__THE TASK__
Write out, from the entries below, exactly the lines that run between the lines holding "Conquer Business Card" and "Professional Photographers in", inclusive, and stop there.

__EXERCISE DATA__
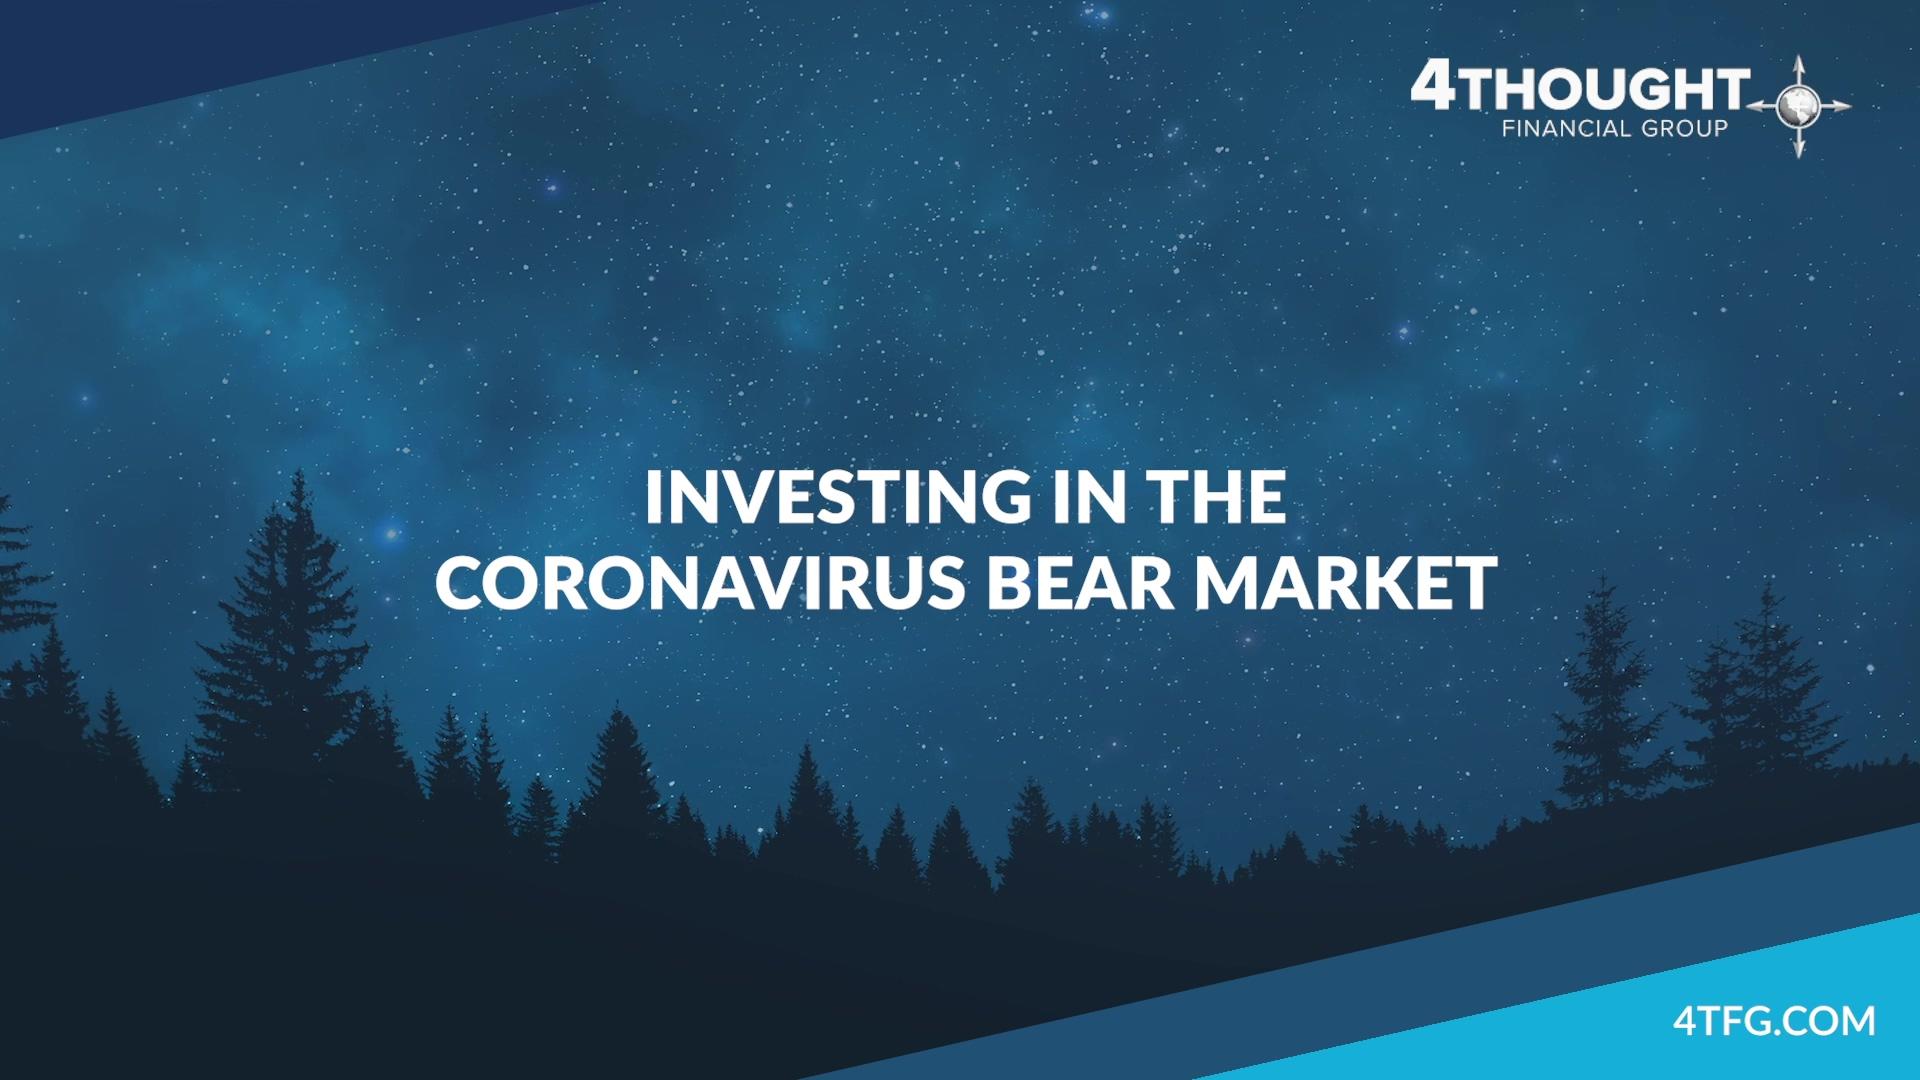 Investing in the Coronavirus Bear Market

...

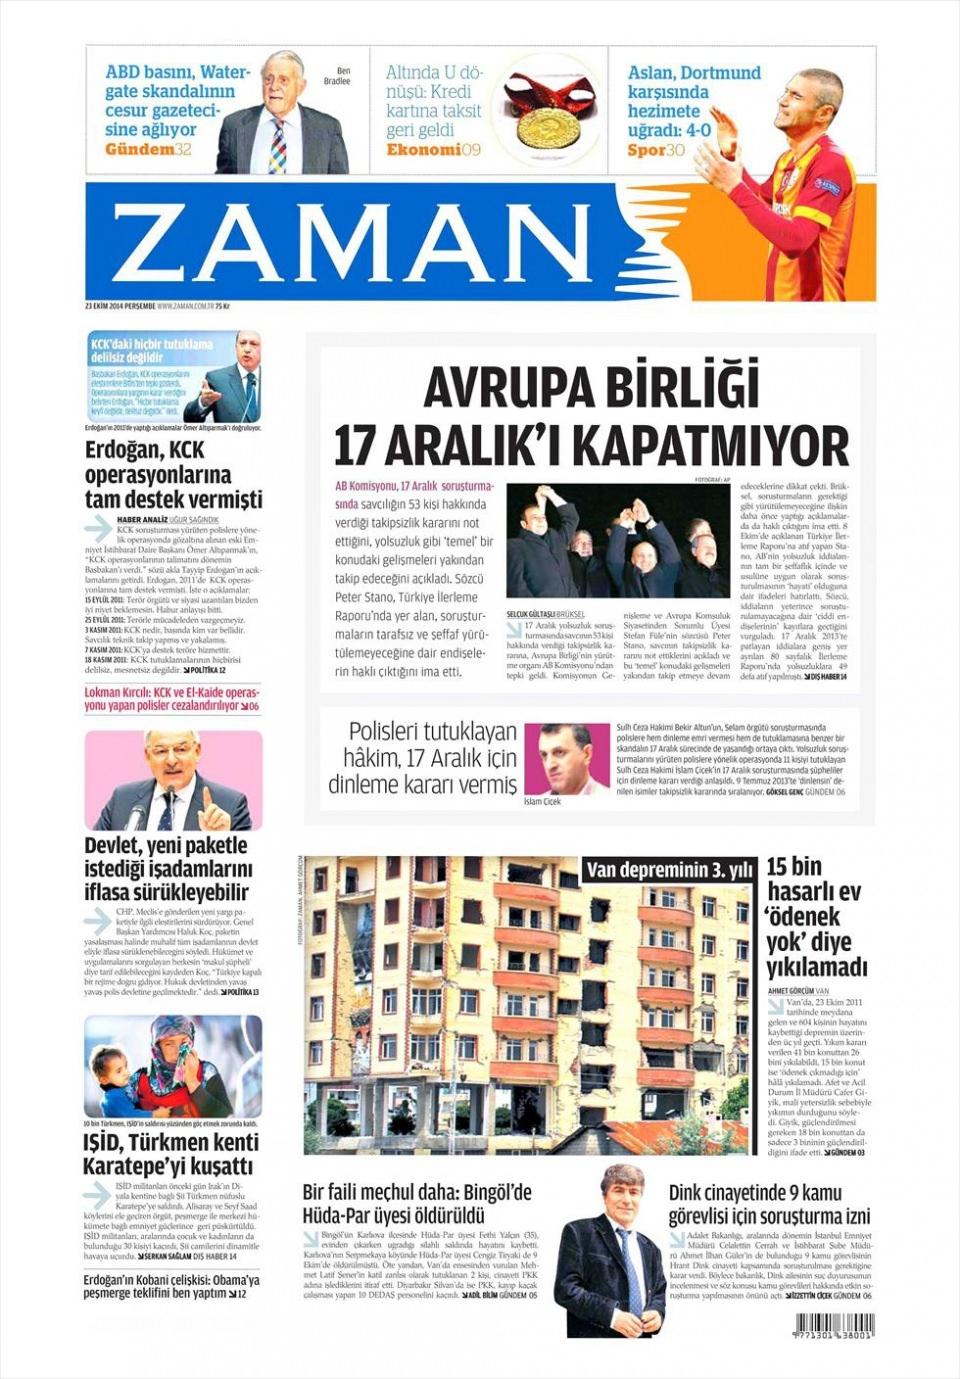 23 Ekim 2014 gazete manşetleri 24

==

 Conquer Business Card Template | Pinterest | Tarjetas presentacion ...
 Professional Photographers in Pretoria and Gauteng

__SOLUTION TO THE PROBLEM__
 Conquer Business Card Template | Pinterest | Tarjetas presentacion ...
 Professional Photographers in Pretoria and Gauteng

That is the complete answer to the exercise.